Last modified: 8/18/2015 12:21:38 AM
This year, when 11th-grade students in public schools sit down to take New Hampshire’s statewide assessment tests, they won’t be taking Smarter Balanced exams; they’ll be taking the SAT.

The New Hampshire Department of Education decided to switch to the SAT, in part to encourage more students to think about preparing for college.

The move to use the standardized achievement test for in-state assessment isn’t new, said education consultant Scott Marion, associate director for the Dover-based National Center for the Improvement of Educational Assessment Inc.

Six states already use the ACT to test 11th-graders, and Maine has used the SAT for nearly a decade.

School officials, teachers and students encouraged the department to make the move, said Heather Gage, director of the Division of Educational Improvement.

“We’ve heard from several of them that the SAT would have much greater meaning for students in their schools and maybe help students want to go to college,” Gage said, adding that there was “great support at the state level for that move.”

Traditionally, high school students preparing to go to college take the SAT in the spring of their junior year, and some take it again during the fall of their senior year. Students and families typically have to pay more than $50 to take the tests.

Under New Hampshire’s new plan, students in public schools will be able to take the test in January for free. That’s welcome news for students who were already planning to take the SAT for college prep, Gage said.

“Any time the student has the ability to practice” for the SAT is a good thing, she said.

College Board representatives praised the move and touted their redesigned SAT, which includes an optional essay, putting words in context and focusing the math section on problem solving and data analysis.

This year, the College Board is also starting a partnership with online instructional service the Khan Academy to offer students free SAT practice.

“Working together with New Hampshire leaders, we will ensure that more students, parents and educators across the state can benefit from the opportunities connected to our assessments,” said the board’s chief of assessment, Cyndie Schmeiser, in a statement.

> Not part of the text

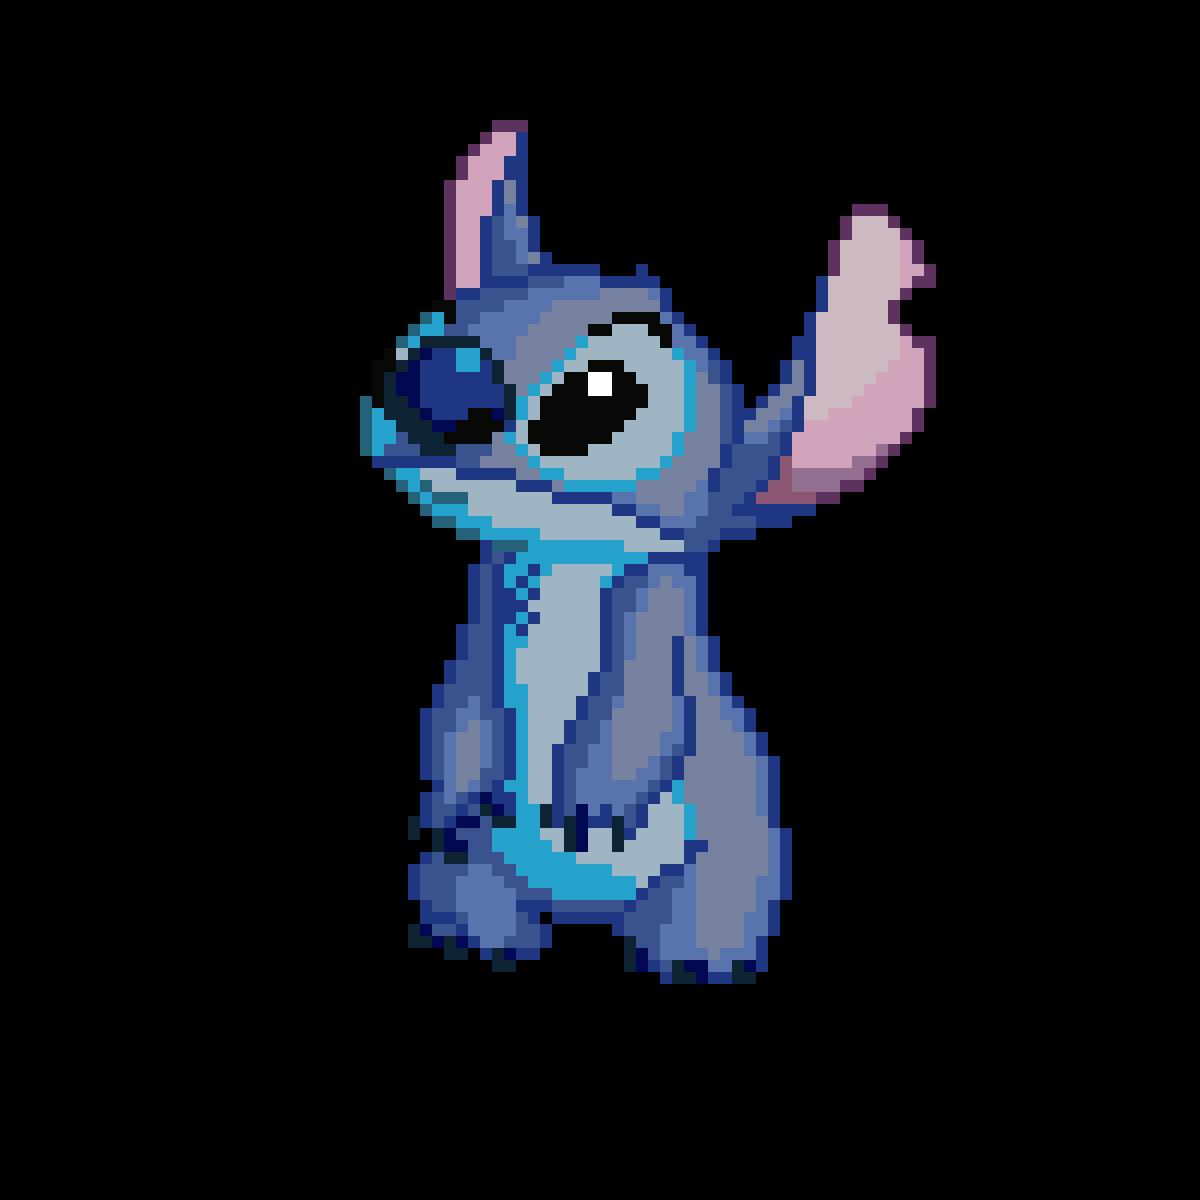 Pixilart Pixel Art Stitch By Jameschamb

Education officials at the state and local levels also hope the move will mean consolidating testing for high school juniors, who often find themselves taking many different assessment tests such as AP placement tests that year.

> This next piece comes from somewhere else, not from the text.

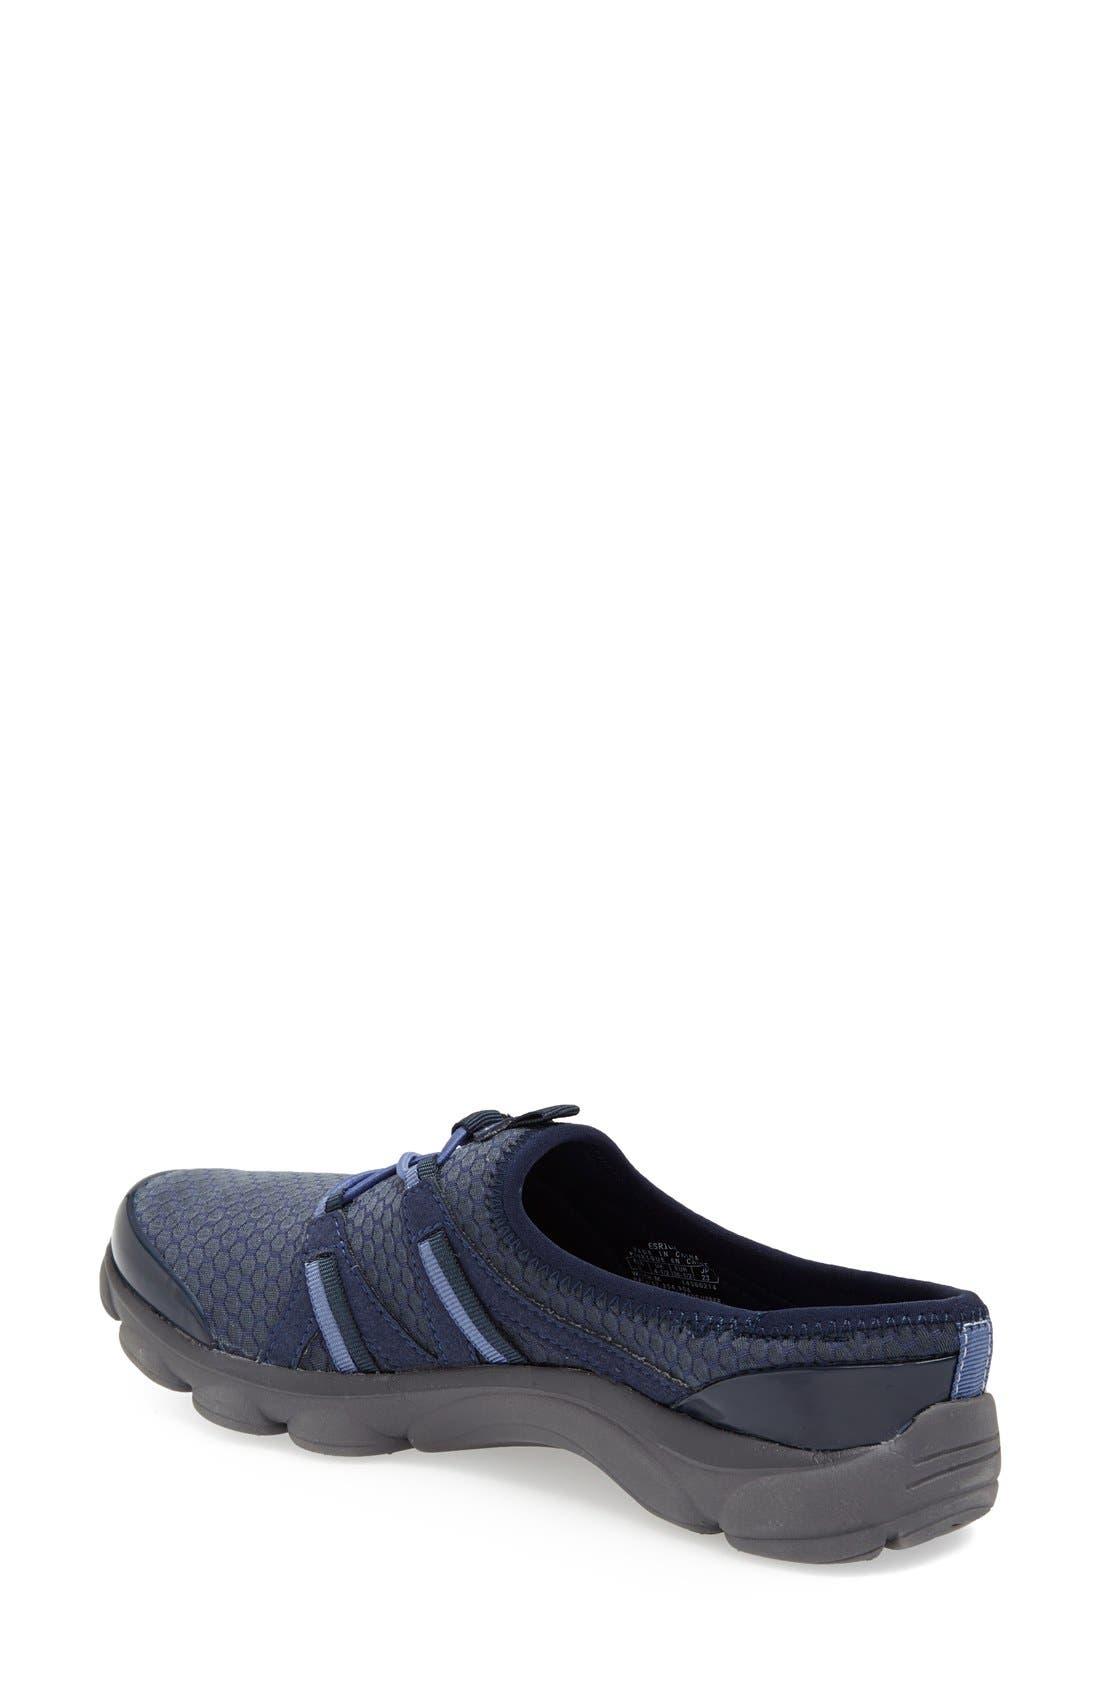 Alternate Image 2  - Easy Spirit 'e360 - Rich' Slip-On Sneaker (Women)

They hope students will also see the move as benefiting them.

“It’s tough for them to take things seriously if they don’t think it’s going to do anything for them,” Marion said.

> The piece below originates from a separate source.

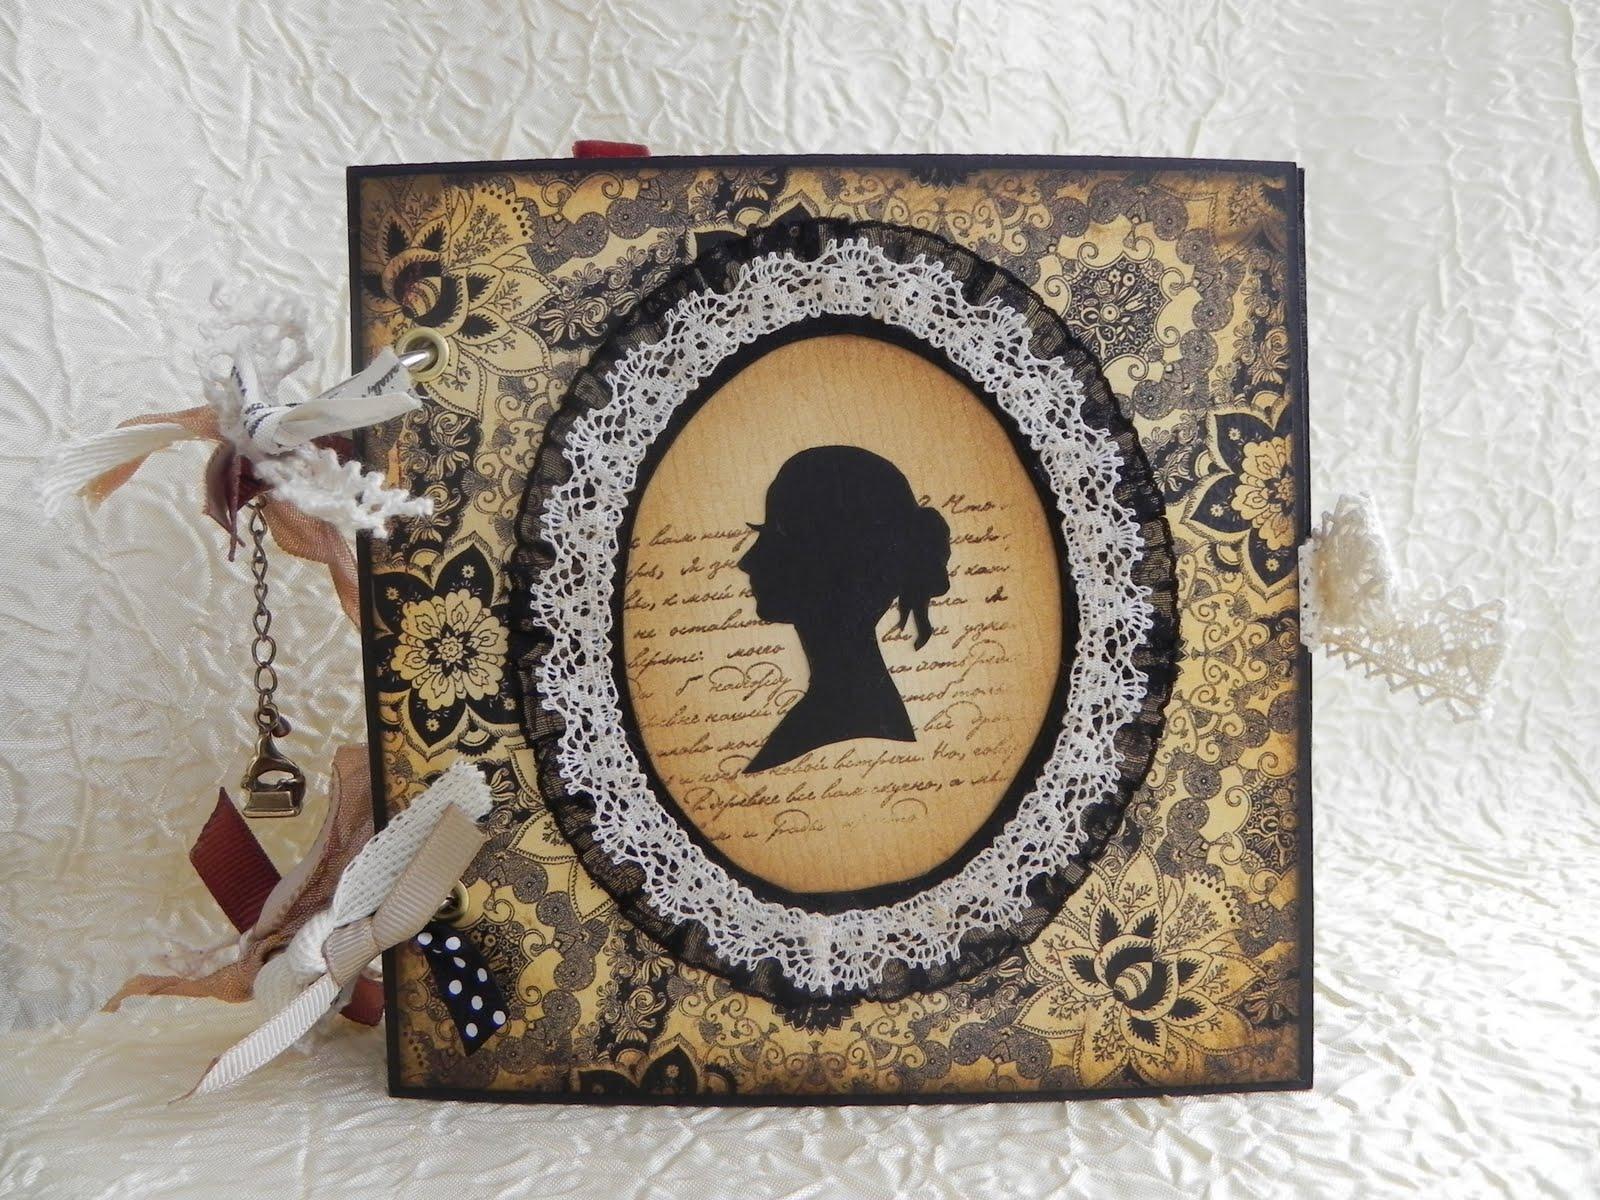 Фотоальбом для женщин, Любимая :: Галерея альбомов фотографий 5 фотография

As with any action, there can be pros and cons, and Marion said one perceived drawback to the plan is that the test is still not relevant for kids who know they are not going to college.

But a bigger criticism of the Smarter Balanced tests and the NECAP exams before that was they lacked incentive for students to do well.

Still, Marion said he sees a lot of support for the SAT being used in New Hampshire.

“In general, people feel like it’s a good outlet,” he said. “I do know in New Hampshire there was a loud cry from the superintendents for this to be done.”

Londonderry Superintendent Nate Greenberg was one of the people pushing for the SAT as the statewide assessment.

“We felt it had some significant, real-life benefits for our students,” he said, saying he hopes all students taking the SAT may spur some who wouldn’t otherwise seek out college to consider it more seriously.

“We think it holds major positive potential for us, and most of all for our students,” Greenberg said.